■ Task objective ■
Two lines in the data below mark the range: the one with "Preparation" and the one with "Make sure to set up the tester while ke". Return both, along with every line between them, exactly.

■ Data in this exercise ■
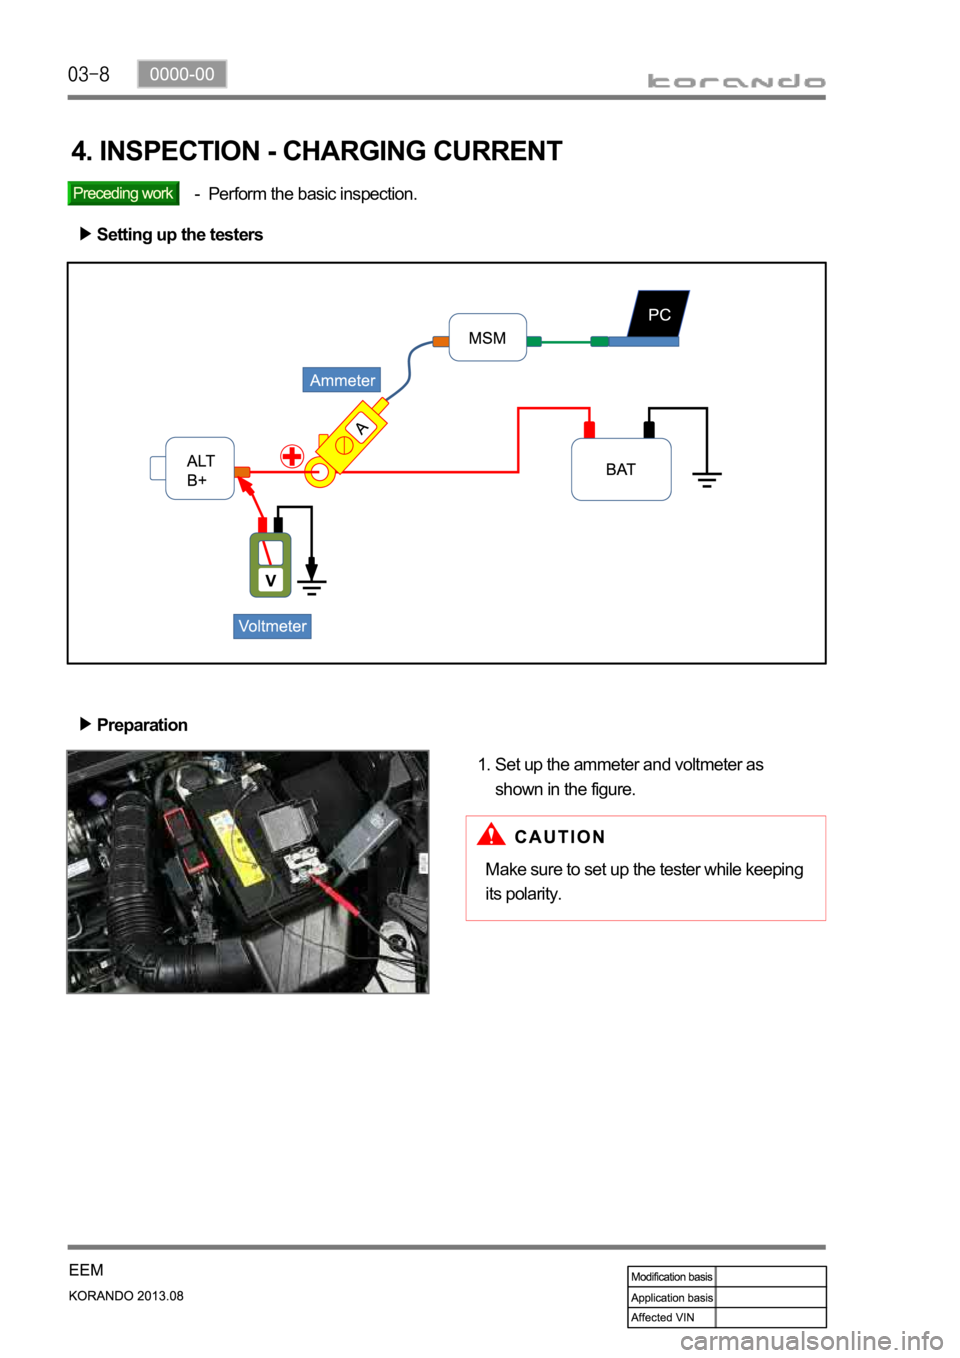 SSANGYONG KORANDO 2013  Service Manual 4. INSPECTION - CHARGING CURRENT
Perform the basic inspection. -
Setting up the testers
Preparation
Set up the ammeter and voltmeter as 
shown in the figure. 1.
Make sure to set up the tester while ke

==

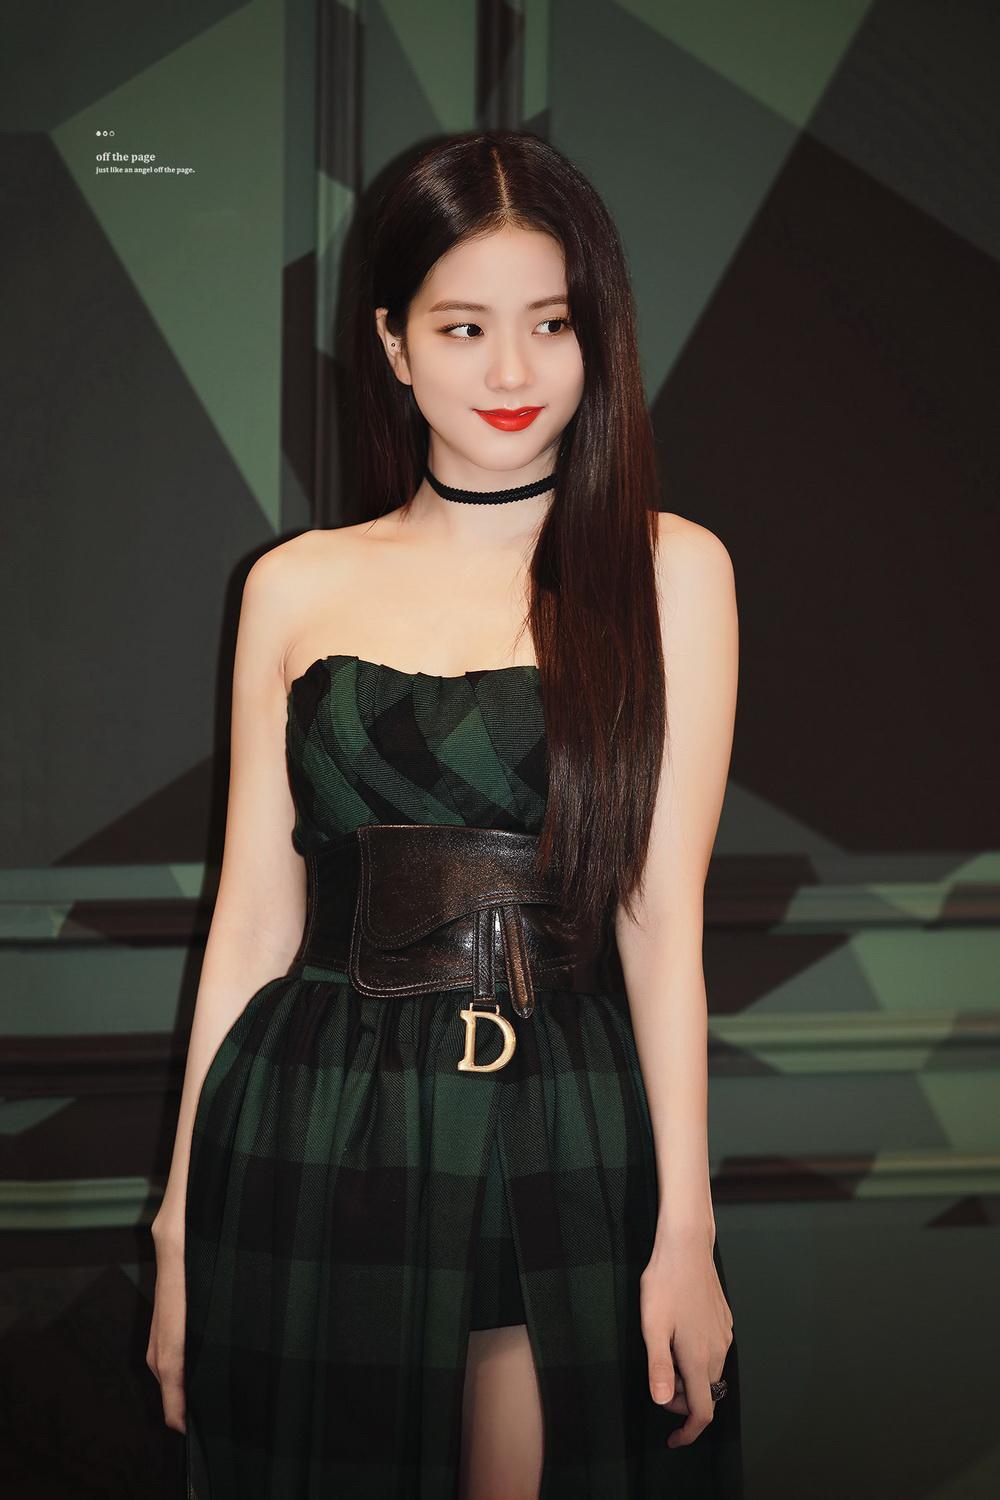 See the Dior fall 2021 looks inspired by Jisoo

* * *

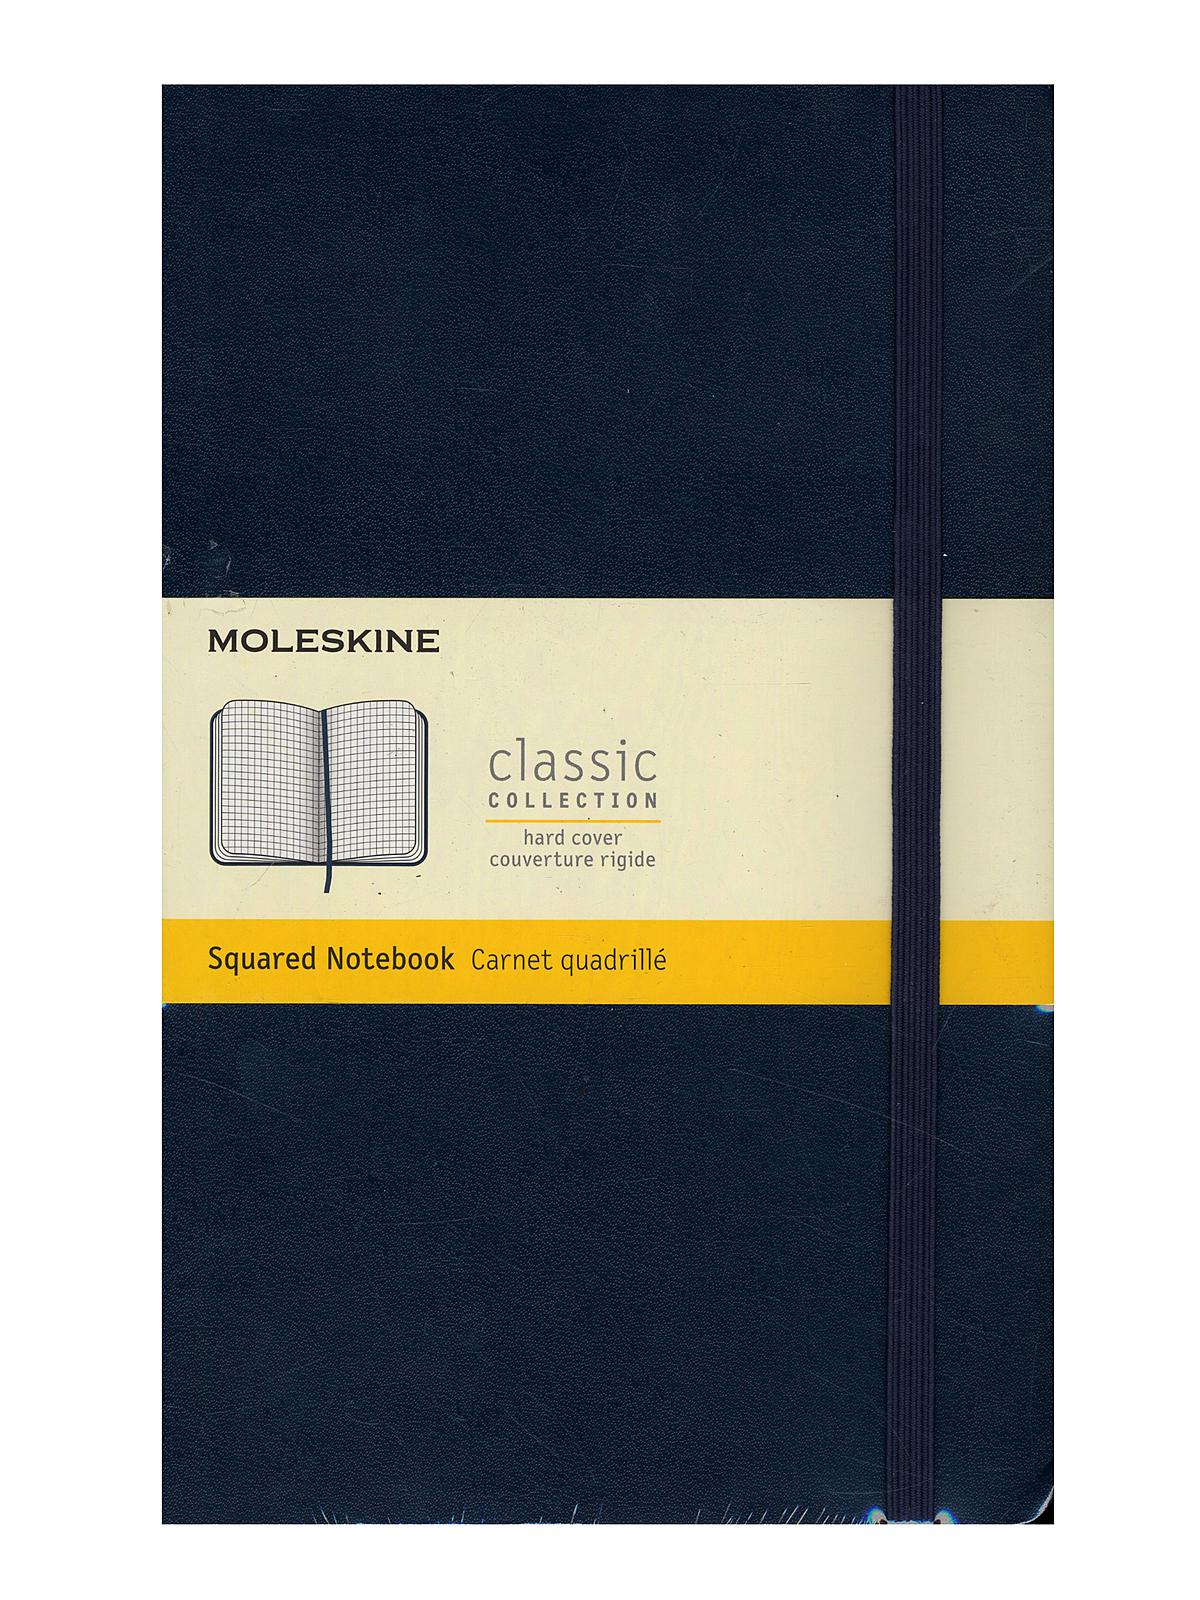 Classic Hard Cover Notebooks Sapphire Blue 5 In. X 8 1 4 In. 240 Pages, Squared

■ Task answer ■
Preparation
Set up the ammeter and voltmeter as 
shown in the figure. 1.
Make sure to set up the tester while ke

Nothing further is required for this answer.